The agent does not have access to the entire velocity field, and the observed state consists of a portion of one or more wall-parallel planes of sampled flow quantities. The portion of the flow field that is observable by each agent is the one above the actuation. It is possible to sample any of the three velocity components at a given wall-normal location, the wall-normal location of the sampled plane is defined in the input file of the simulation and it is rounded up to the closest Chebyshev colocation node. For the remainder of the paper, we will refer to the different sampling heights using inner-scaled wall-normal coordinates: \(y^+ = y u_{\tau }/\nu = y/\ell ^{*} \in [0,Re_{\tau }]\), where \(\ell ^{*}\) denotes the viscous length.

The same global reward value is provided to all MARL agents, defined as the percentual reduction of the wall-shear stress with respect to the uncontrolled flow, averaged over the entire wall. We do not consider the instantaneous value of this quantity, rather an averaged value between two actions is returned. The solver performs multiple timestep advancements between one action and the next one because the timestep required for the stability of the numerical method is much lower than the actuation time. The actuation interval is also a parameter that can be defined in the input file and it should be set to be small enough to allow it to react to the change of the small flow scales, and sufficiently large to observe the effect of the action at the intermediate scales [40]. Since turbulence is a multi-frequency phenomenon, the reward signal reflects this characteristic and the reward averaging helps to provide a more reliable estimate of the actual wall-shear-stress reduction than an instantaneous value would do. Note that the presence of turbulence in the flow induces a higher drag with respect to a laminar flow and the implemented control effectively reduces the level of turbulence. In fact, the control can theoretically induce a re-laminarization of the flow. This condition represents an upper bound for the drag reduction achievable with the control [54]. This value depends on the chosen Reynolds number and in our case is 73.9%. Note, however, that there is no guarantee that this value is ever attainable with any control law.

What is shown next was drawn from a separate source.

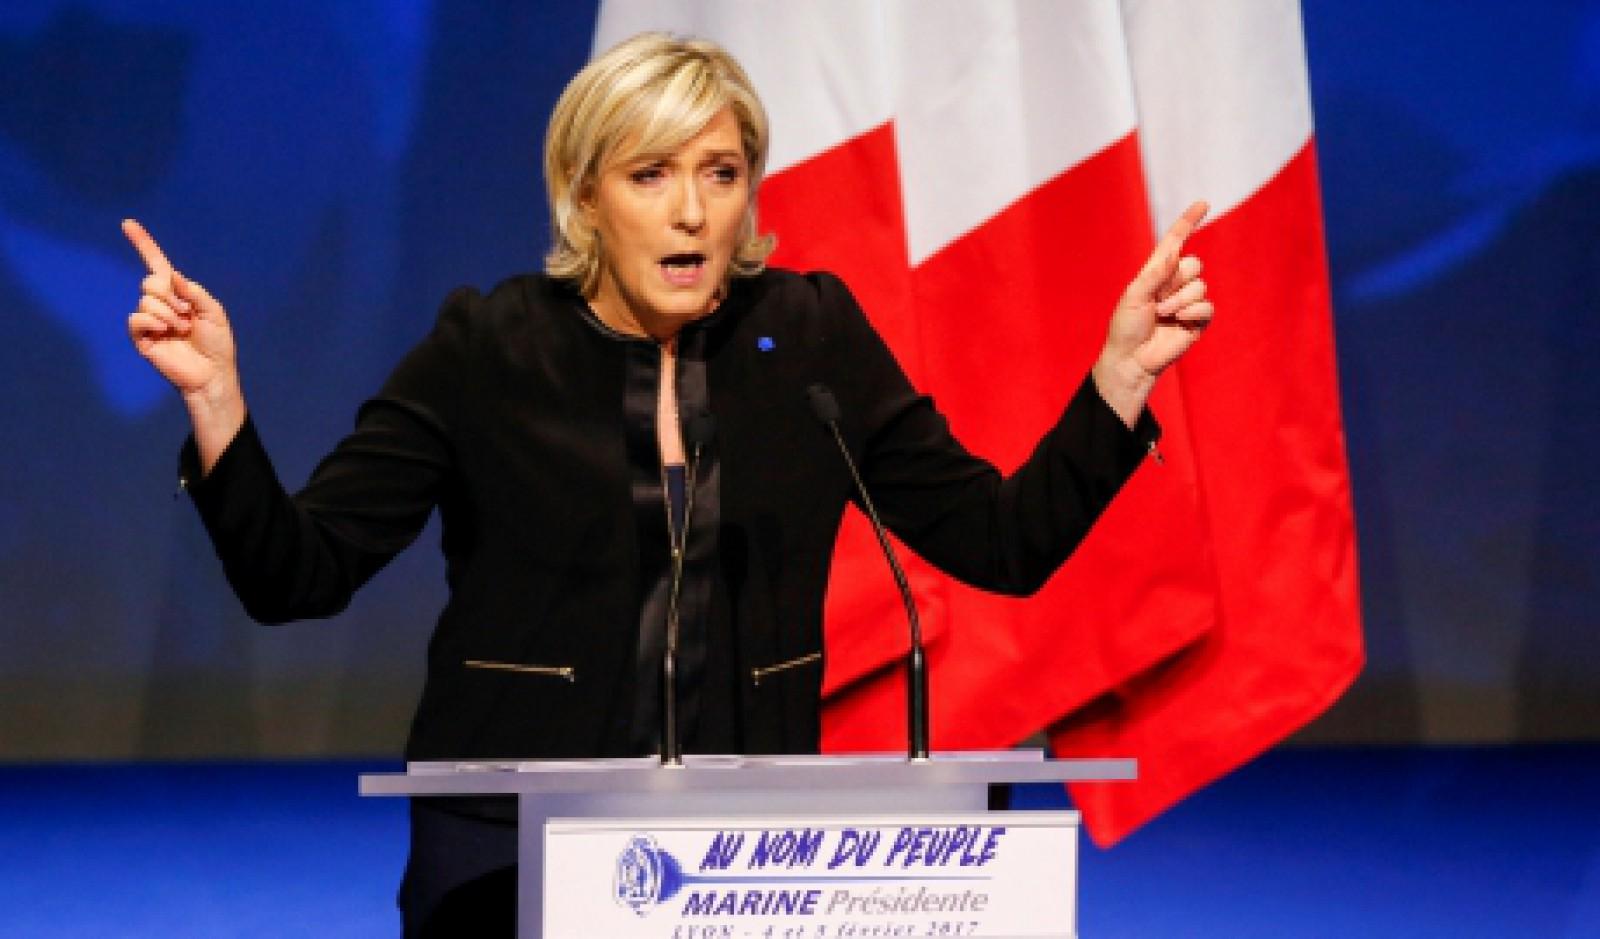 Marine Le Pen va propune un nou nume pentru formaţiunea Frontul Naţional din Franţa

The deep reinforcement learning algorithm that is used to train the agent is the deep deterministic policy gradient (DDPG) [55]. As the name suggests, this algorithm optimizes a deep neural network (called actor) that approximates the relation between the state and the action to be performed (i.e. a policy function). After learning, the policy is deterministic. Additionally, a second neural network (called critic) is used to approximate the action-value function Q(sa). In our work, we used two simple fully connected networks for both the actor and the critic. The actor has a single layer of 8 nodes, while the critic has three layers with 16, 64 and 64 nodes. During learning, Gaussian noise with zero mean and variance \(0.1u_{\tau }\) is added to the actions computed by actor network before they are provided to the critic network. This action perturbation is performed in order to foster exploration. The policy is updated every \(\Delta t^+ = 180\), with 64 mini-batch gradient updates. The mini-batches are sampled from a buffer replay that includes 5,000,000 (state, action, reward) tuples. All the other algorithm parameters have been used with the default values provided by the Stable-baselines [56] implementation. All the configuration details can also be retrieved in the code repository associated with this paper.

3.3 Solver-DRL interface

The reinforcement learning framework chosen for this work is Stable-baselines [56], while the environment is coded as a custom PettingZoo/Gym environment [57]. Both Stable-baselines and the Gym environment are written in Python; however, the fluid solver is coded in FORTRAN 77/90. An interface between the two programming languages is then needed in order to communicate the quantities (state, control values, reward) that are necessary for the learning to take place. While previous studies have coupled the solver and the RL algorithm using an input/output (I/O) stream [58], in this case the interface is based on message-passing interface (MPI). The fluid solver is spawned as a child process of the main learning process and an intercom is created between the solver and the Python main program. After the initialization, the solver waits for information requests from the main program. Once the request is received by the solver, further MPI-based messages are exchanged between the agent and the solver, depending on the requested information. Communication requests are handled using five-character strings, which determine the sequence of instructions that the solver has to perform for each interaction of the agent with the environment. The admissible values for the request string are:

  • STATE: this string is used to request the simulation to communicate the state to the agent.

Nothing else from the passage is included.